Former Egyptian President Hosni Mubarak
Former Egyptian President Hosni MubarakIsrael news photo: Flash 90

Ousted Egyptian President Hosni Mubarak may be executed if the provisional government carries out its vow to prosecute him for corruption and murder.

The new Justice Minister, Abdel al-Guindi, told the Al-Ahram Egyptian newspaper Saturday that Mubarak, his wife and two sons will be charged for the deaths of more than 800 protesters during the uprising earlier this year that led to his ouster. The elderly former leader was placed under house arrest and last month was hospitalized for a heart attack while being questioned.

"Certainly, if convicted for the crime of killing protesters, it could result in the death sentence," said el-Guindi. "The only one capable of pardoning Mubarak ... would be the new president.

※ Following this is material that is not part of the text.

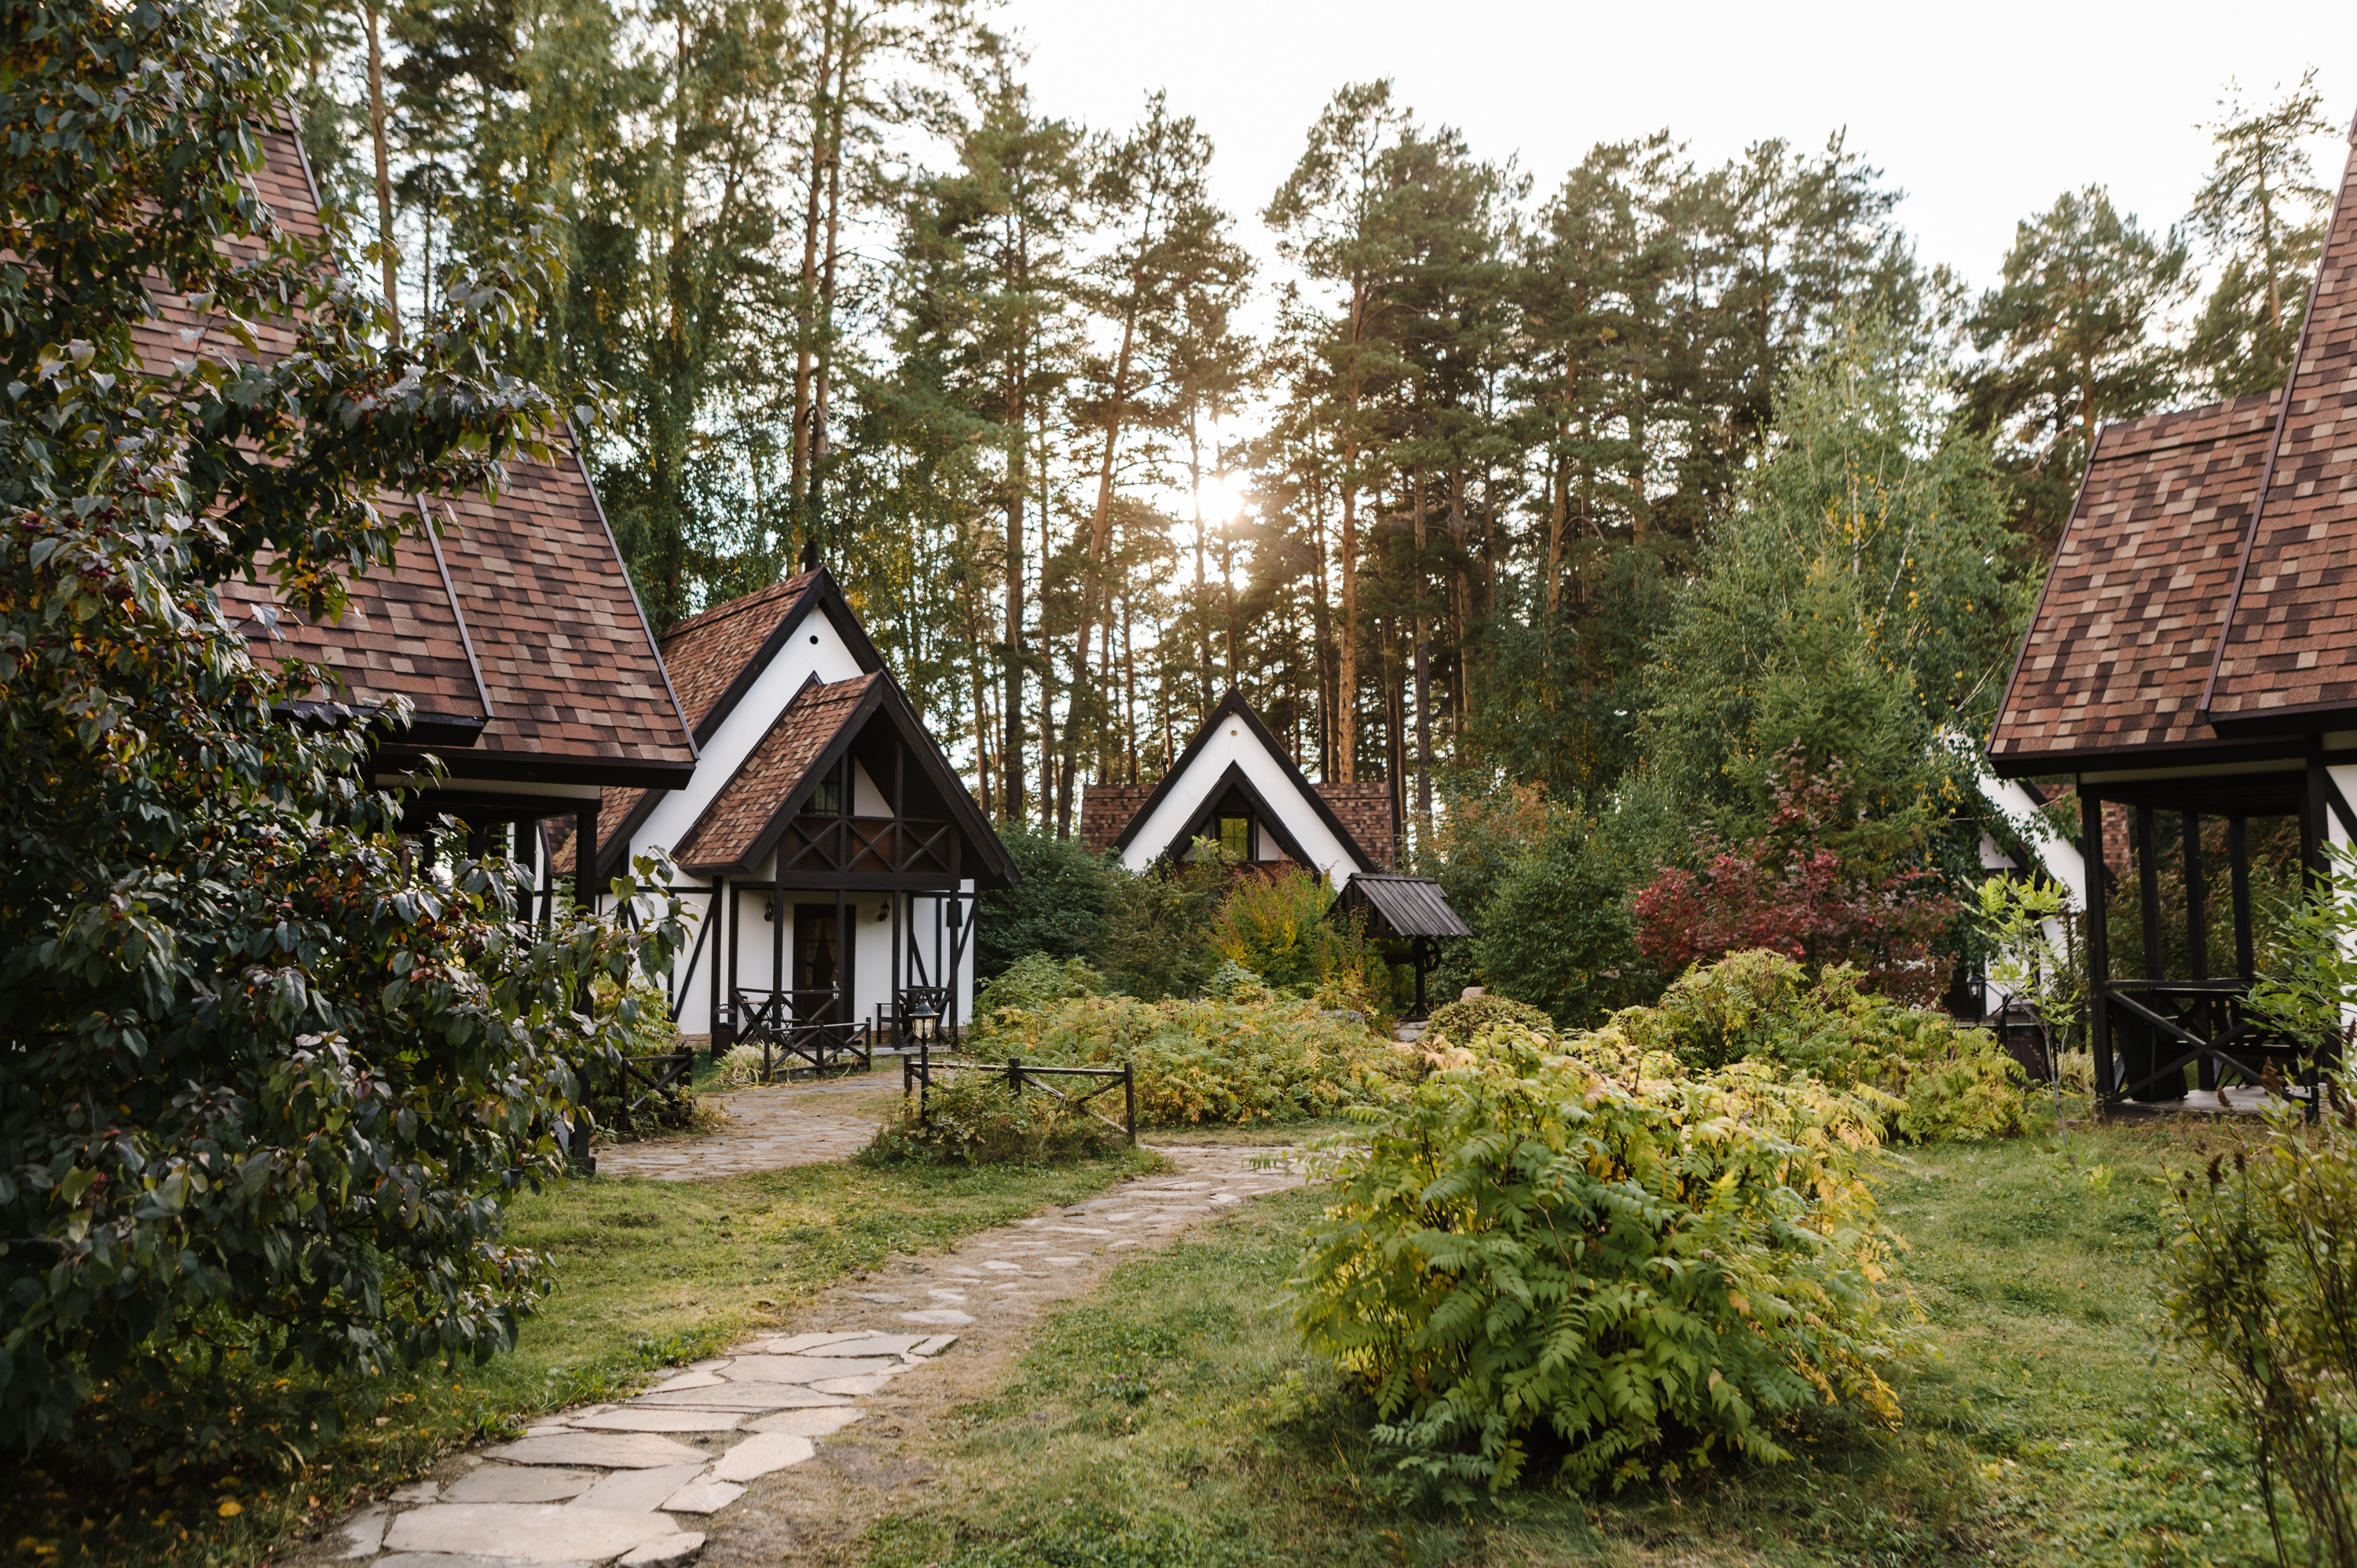 Небольшая сказочная деревня. В бело-коричневых домиках вы можете поселиться большой семьей или друзьями и провести летний вечер у трескучего камина

If I were the president, I will not pardon him for killing 800 martyrs."

Mubarak and his family allegedly have amassed a fortune of tens of billions of dollars that would rank him as the world’s wealthiest man.

Some of the money reportedly was pocketed through a deal to export Egyptian natural gas to Israel, an agreement that most Egyptians say they want cancelled along with the 1979 Egyptian-Israeli peace treaty.

Israel is highly concerned over the new government, which facilitated last week’s Hamas-Fatah agreement and has decided to open up the Rafiah crossing at Gaza.

"These developments can affect Israel's national security at a strategic level,” a senior Israeli official told The Wall Street Journal last week.

Opening the Rafiah border would allow a free flow of weapons into Gaza and an outflow of terrorists into the Sinai, from where they often stage attacks on tourists and try to infiltrate into Israel to kill Israelis.

Egypt also has made diplomatic overtures to Iran, raising the possibility of Israel facing a widening Iranian axis with Hizbullah, the Muslim Brotherhood and Hamas that already threatens Israel from Gaza, Lebanon and Syria.